Padura accedió de buena gana a ponerse delante de mi cámara; como si no tuviera a mano la palabra “no”. De nuevo, con una sonrisa en su rostro, posó para los pocos disparos que realicé. Lo más significativo fue que, entre cada clic, comenzó una charla espontánea, amena y fluida.
En otros rincones del planeta si un lector encuentra a un escritor admirado, es probable que le pida un autógrafo y le haga preguntas sobre personajes y relatos. Esta vez, el lector, el escritor y su esposa son cubanos y se encuentran en un aeropuerto extranjero. Era ineludible que el primer tema de la charla fuera Cuba; el famoso “cómo está la cosa”.

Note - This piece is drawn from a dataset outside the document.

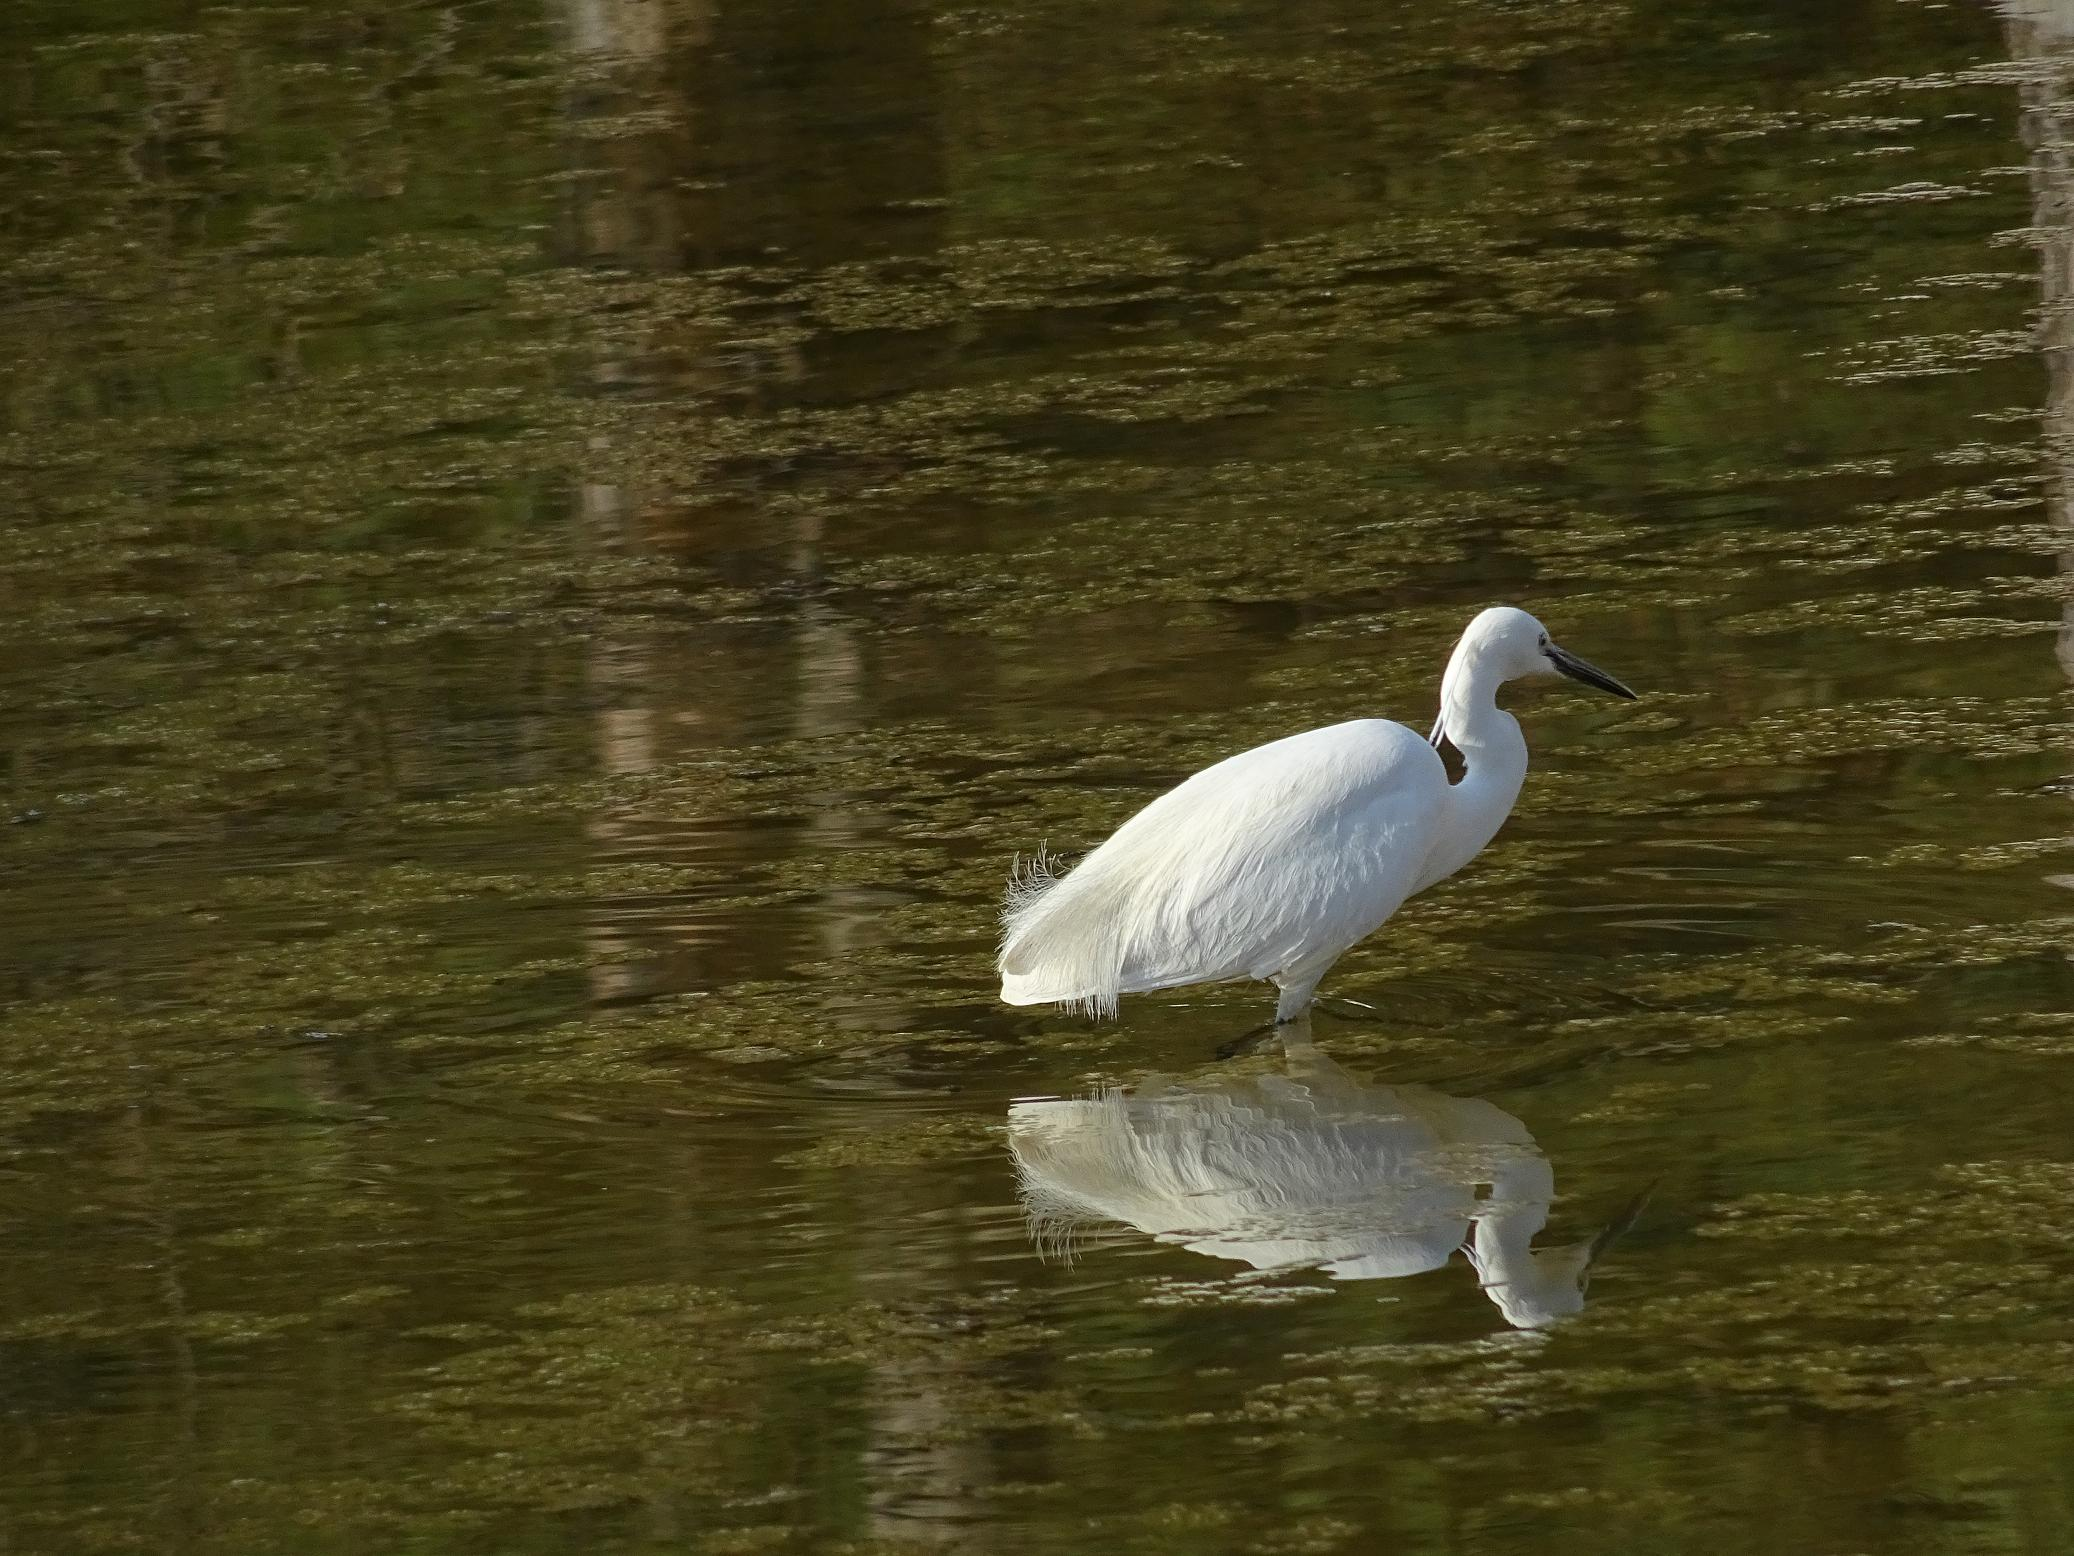 Малая белая цапля (Egretta garzetta) Автор: Кирилова Любовь

Fue precisamente Padura quién arrancó la conversación: “¿Cómo viste aquello?”.
Enseguida pensé en un fragmento de Personas decentes que había anotado, porque las imágenes descritas y plasmadas por él en la literatura me habían golpeado al verlas mientras deambulaba por la ciudad:
“(…) el Conde veía pulular ancianos con zapatillas gastadas y miradas mustias, en busca de los míseros sustentos alcanzables con sus jubilaciones, cada vez más menguadas por los precios de estratósfera que iba alcanzando la vida (…) Los incontables habitantes de la ciudad que no habían alcanzado turno en la cola de los sueños. La porción mayoritaria en la cual él mismo militaba”.
Les confesé que año tras año cuando visito Cuba noto que la vida diaria se hace cada vez más compleja; y que esta vez sentí mucho más el deterioro.

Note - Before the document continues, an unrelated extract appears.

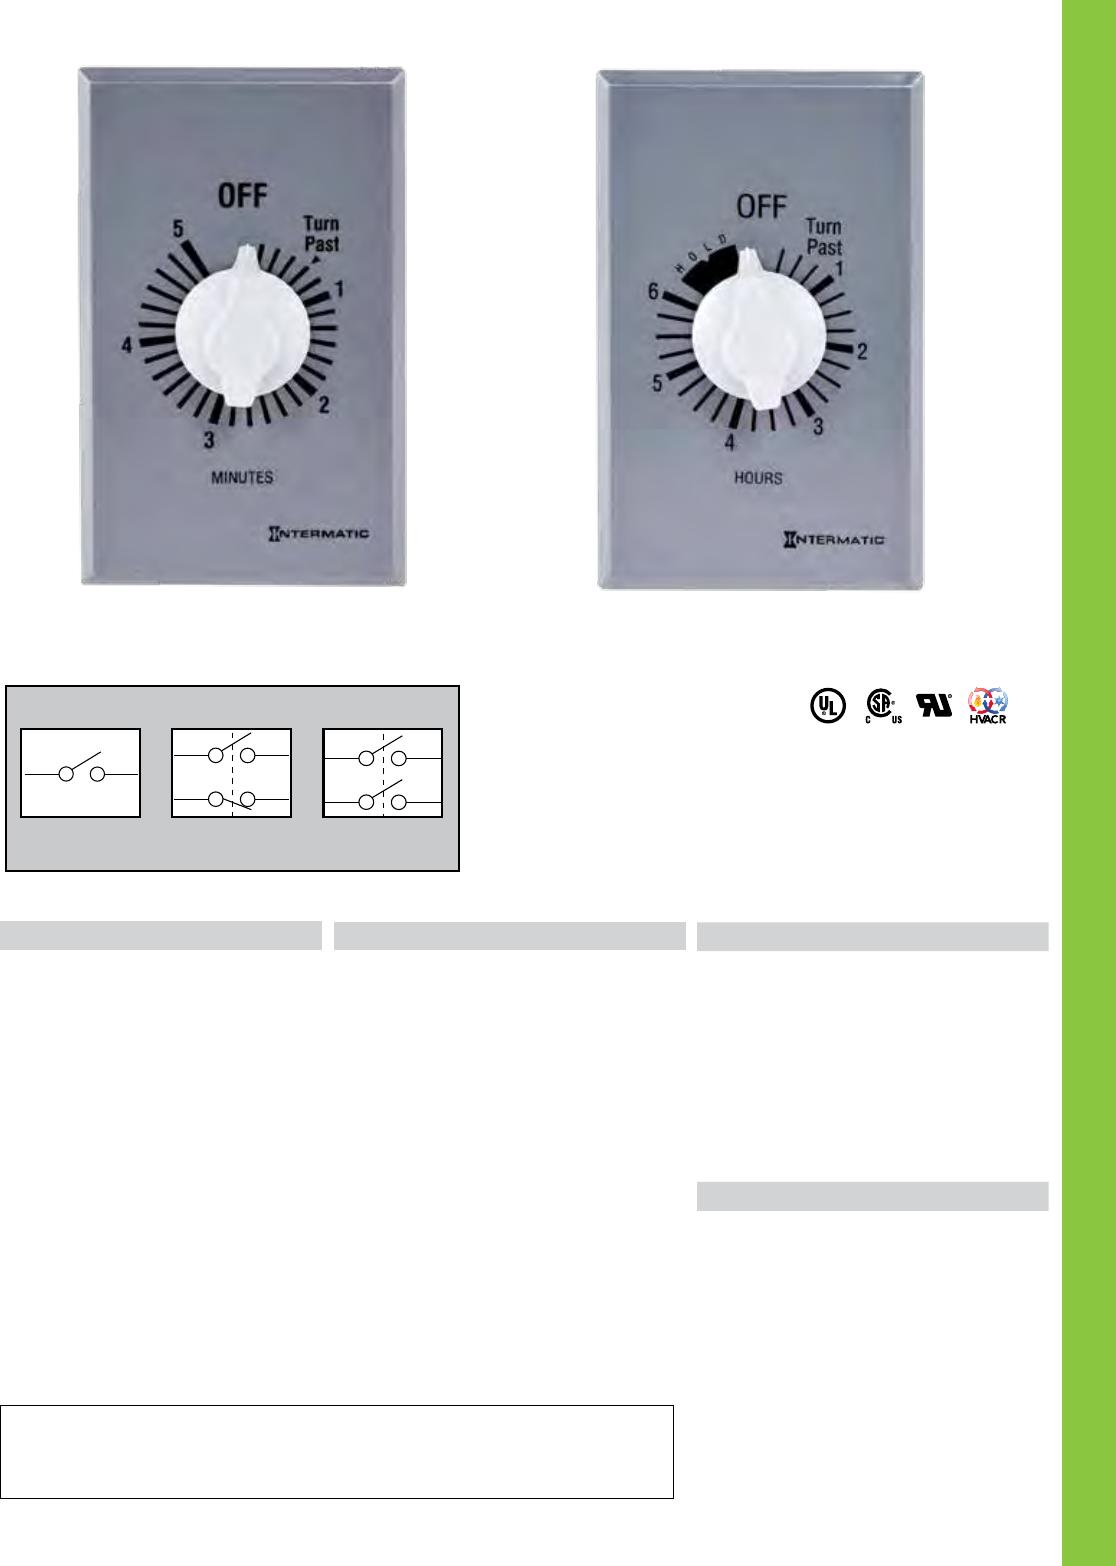 Tools & Home Improvement Intermatic INT FD30MH 30MIN SPR WND TIMER ...

“Para los cubanos que vivimos en la isla ese deterioro es algo que presenciamos día tras día y, de cierta manera, no nos sorprende”, respondió Padura. “Pero para los cubanos como tú, que van, digamos, una vez al año o más, el impacto es mucho más fuerte. Con cada viaje, el choque se vuelve más brusco”, añadió el escritor.
Durante casi media hora compartimos preocupaciones y opiniones como lo hace cualquier grupo de cubanos en Cuba y fuera de ella. Aunque la literatura podría haber sido el punto de encuentro, las circunstancias nos condujeron por otros caminos.
Fue un encuentro significativo y reconfortante en el que el peso de la distancia se desvaneció frente a la comunión de nuestras experiencias —y nuestras esperanzas— compartidas.